-- Stored data --
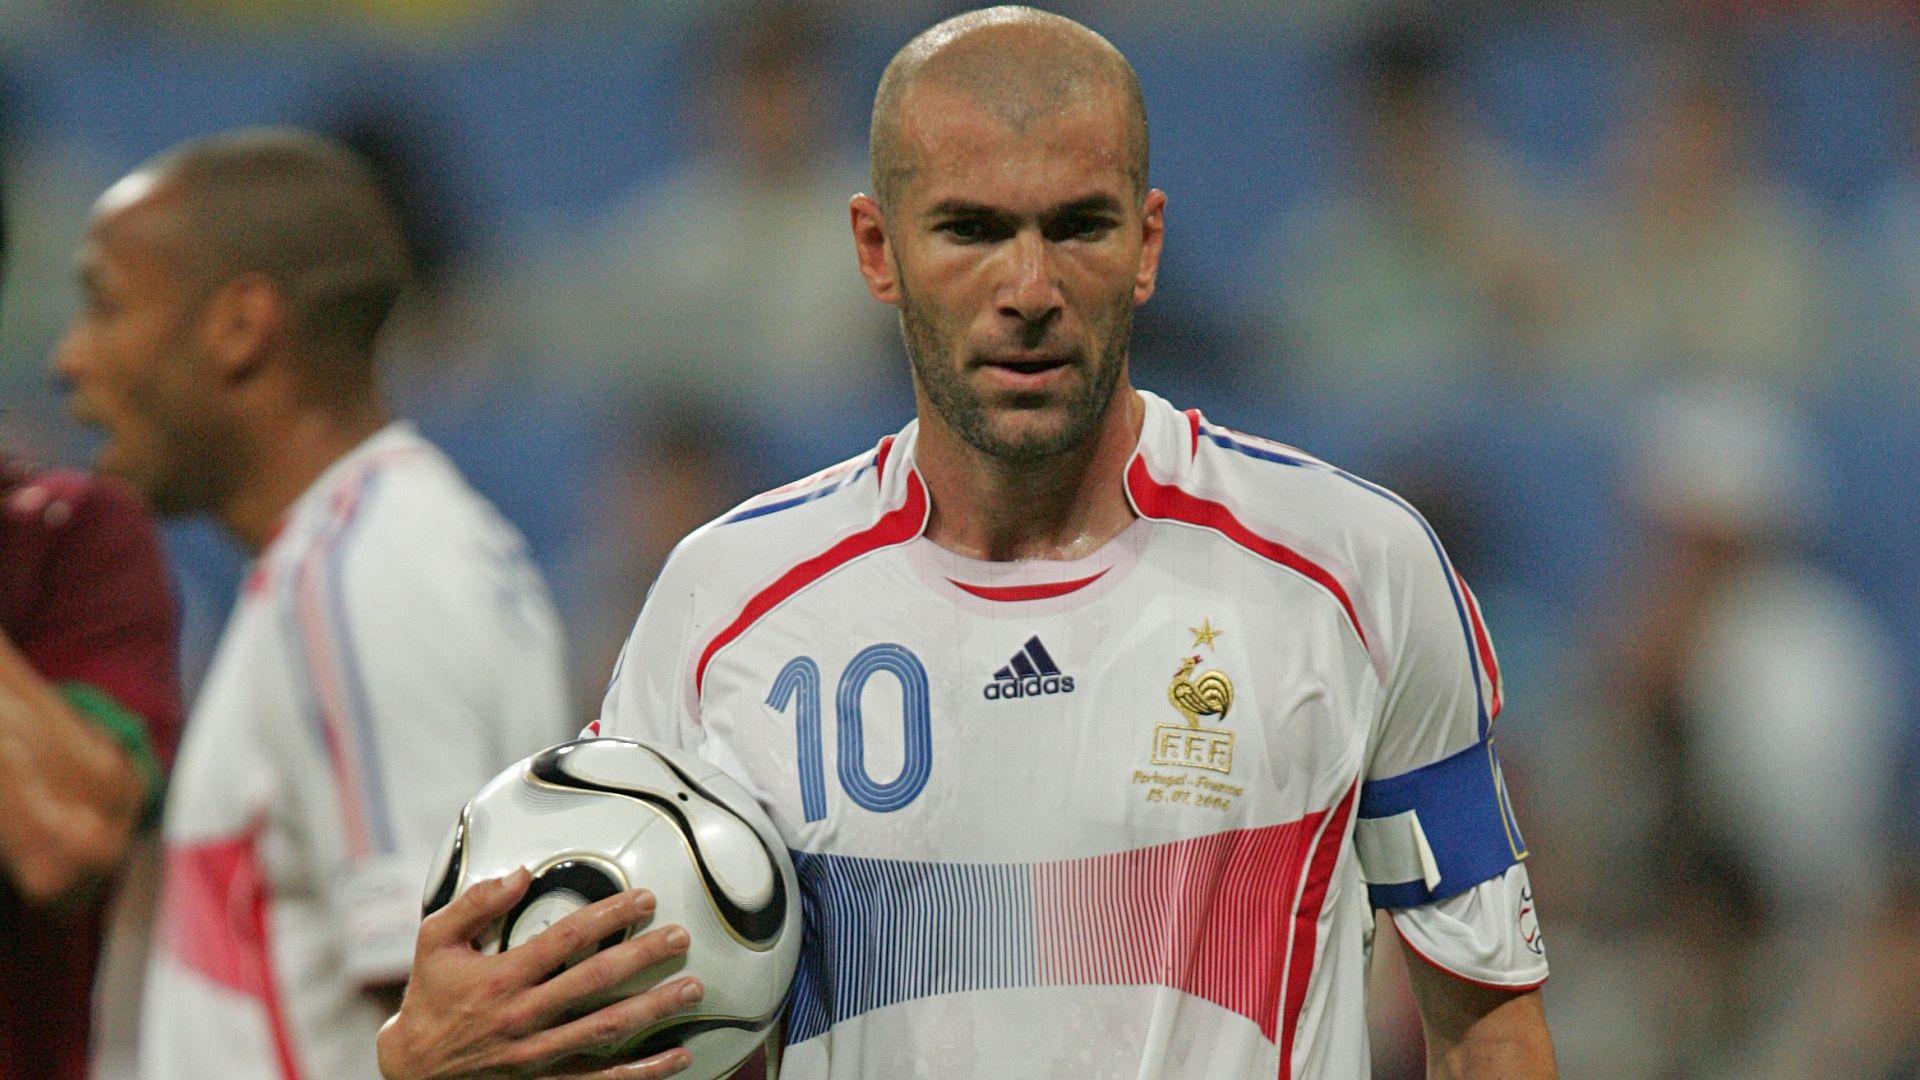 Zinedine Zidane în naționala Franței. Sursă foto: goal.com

==

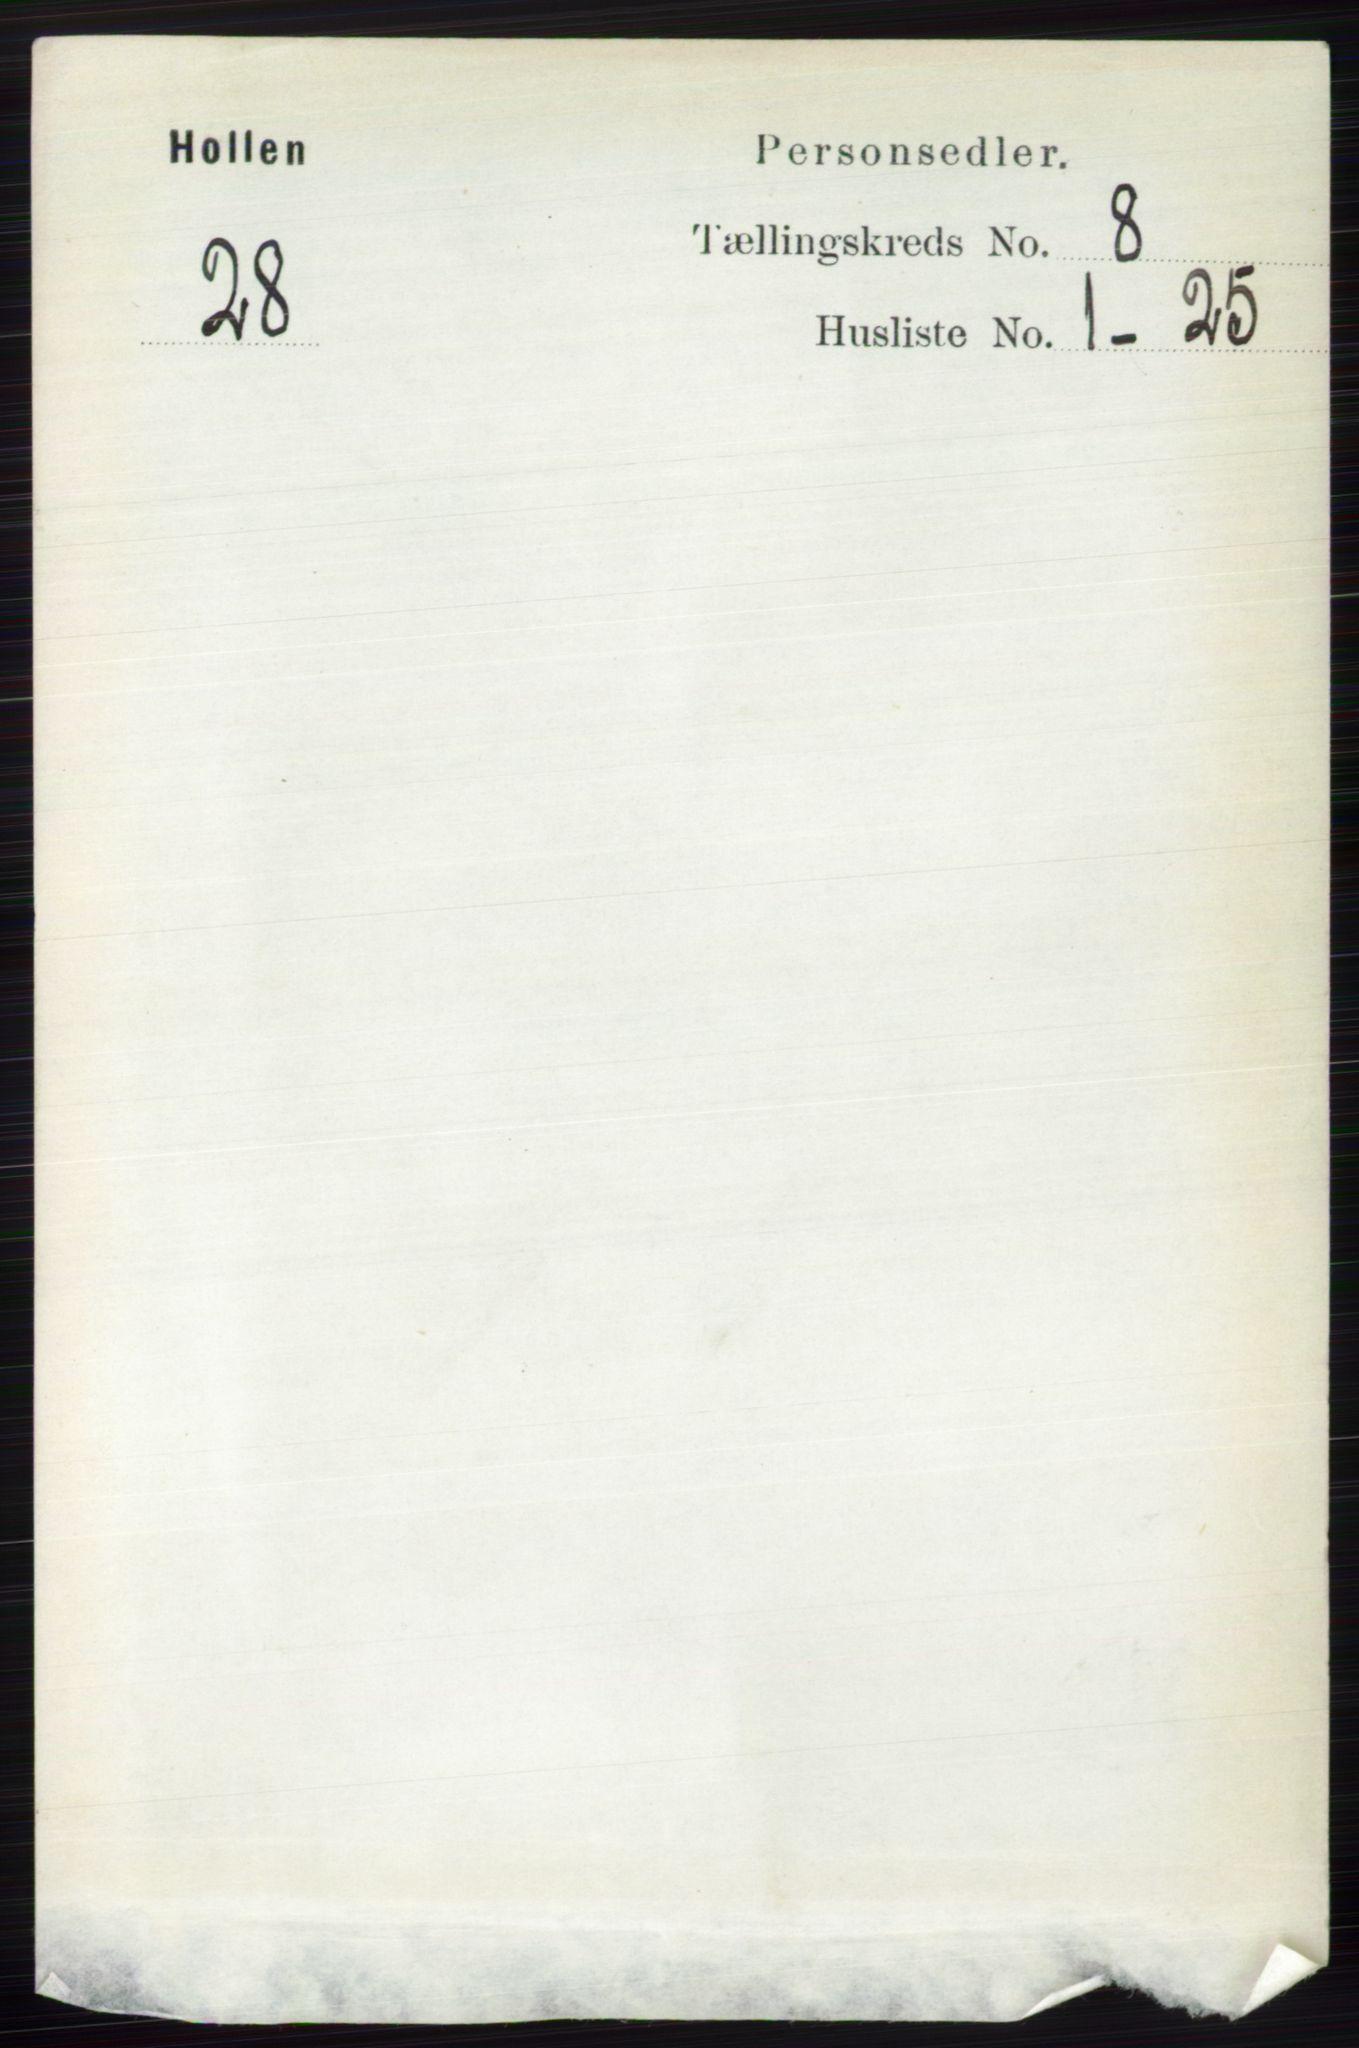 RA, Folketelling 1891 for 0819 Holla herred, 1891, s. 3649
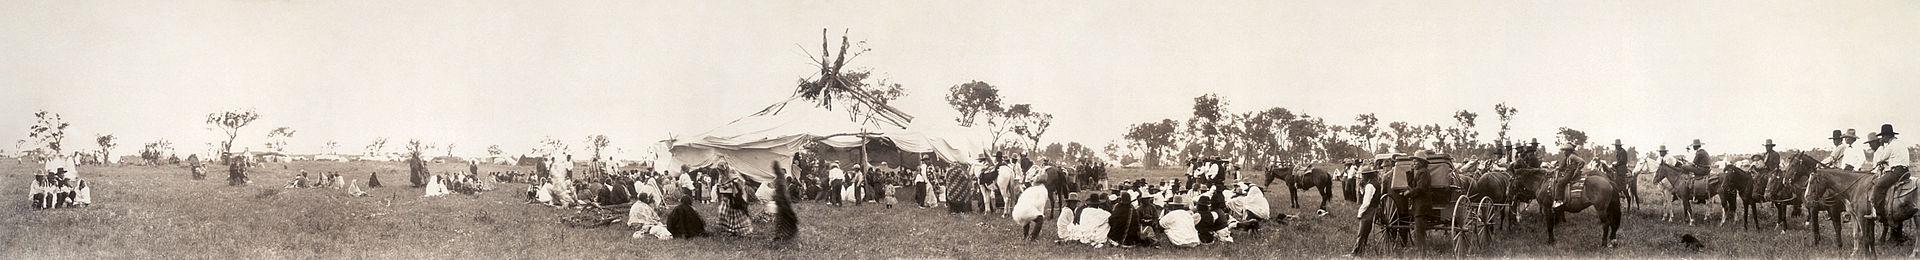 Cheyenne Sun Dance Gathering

* * *

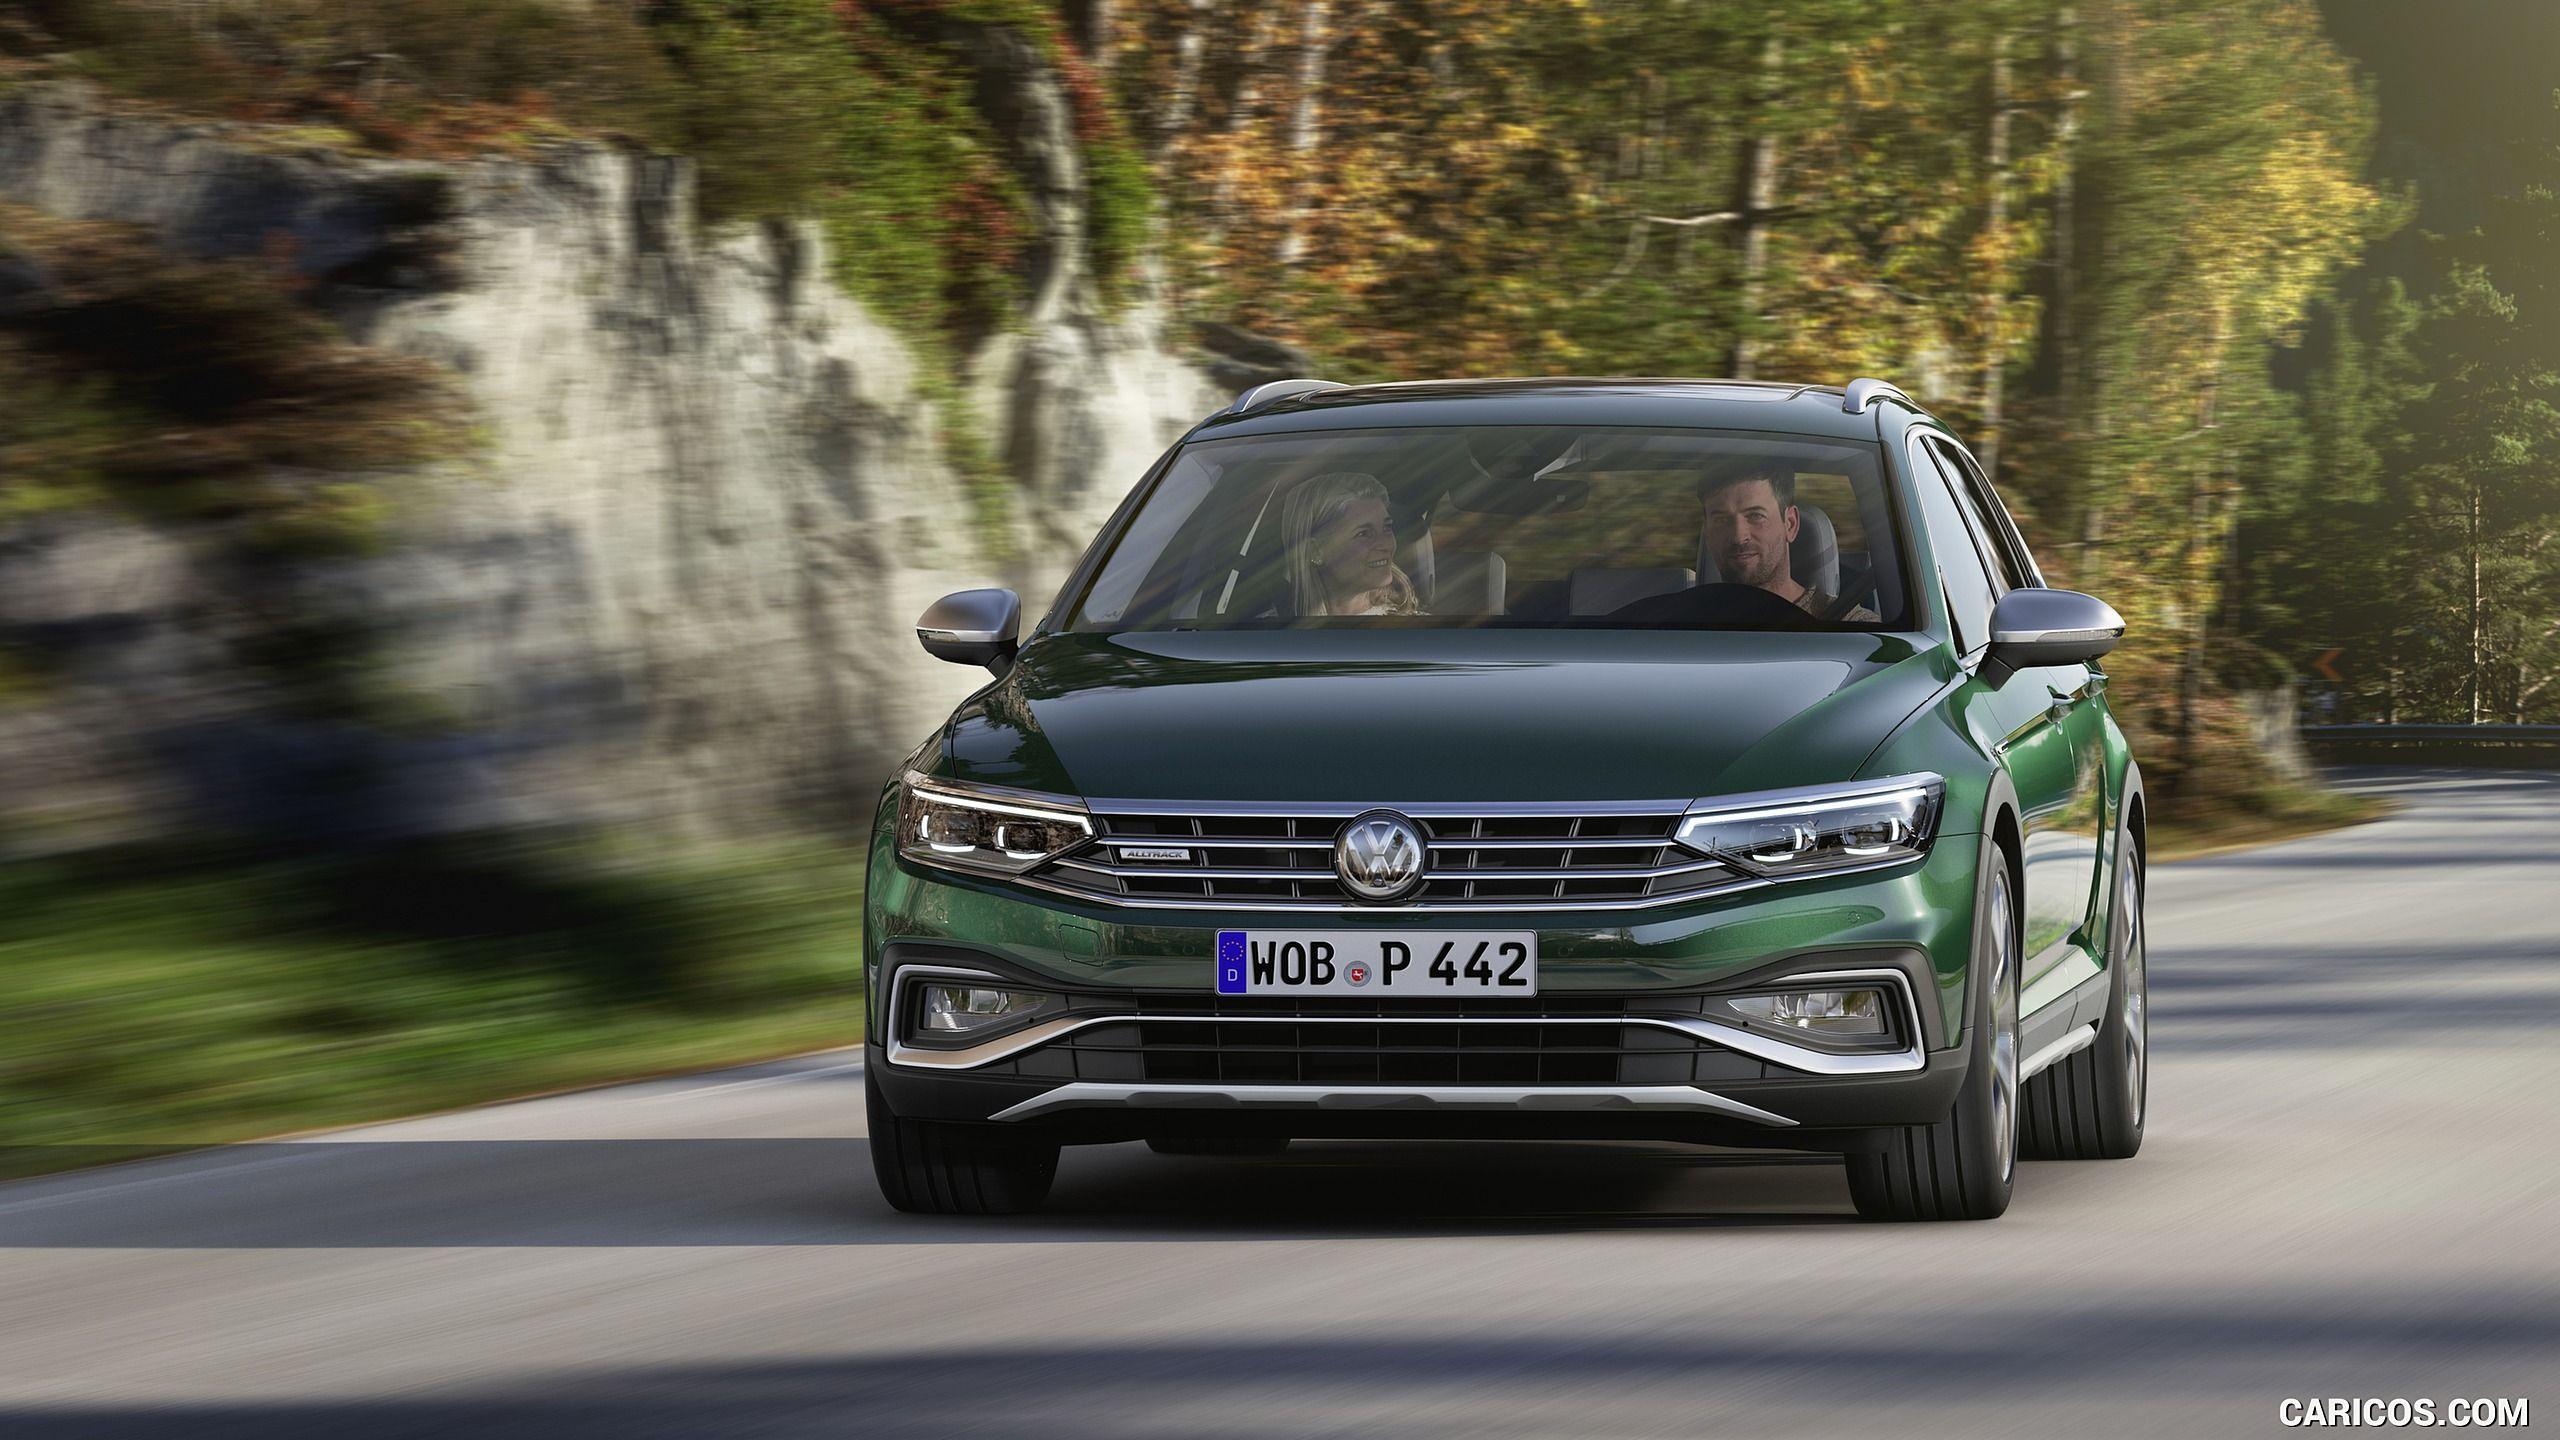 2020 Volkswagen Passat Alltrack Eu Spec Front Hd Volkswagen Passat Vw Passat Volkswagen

-- Exercise directions --
Give again the lines of the listing above that run from the one with "RA, Folketelling 1891" up to and including the one with "Cheyenne Sun Dance Gathering". Keep them exact and omit the pictures.

-- Output of the task --
 RA, Folketelling 1891 for 0819 Holla herred, 1891, s. 3649
 Cheyenne Sun Dance Gathering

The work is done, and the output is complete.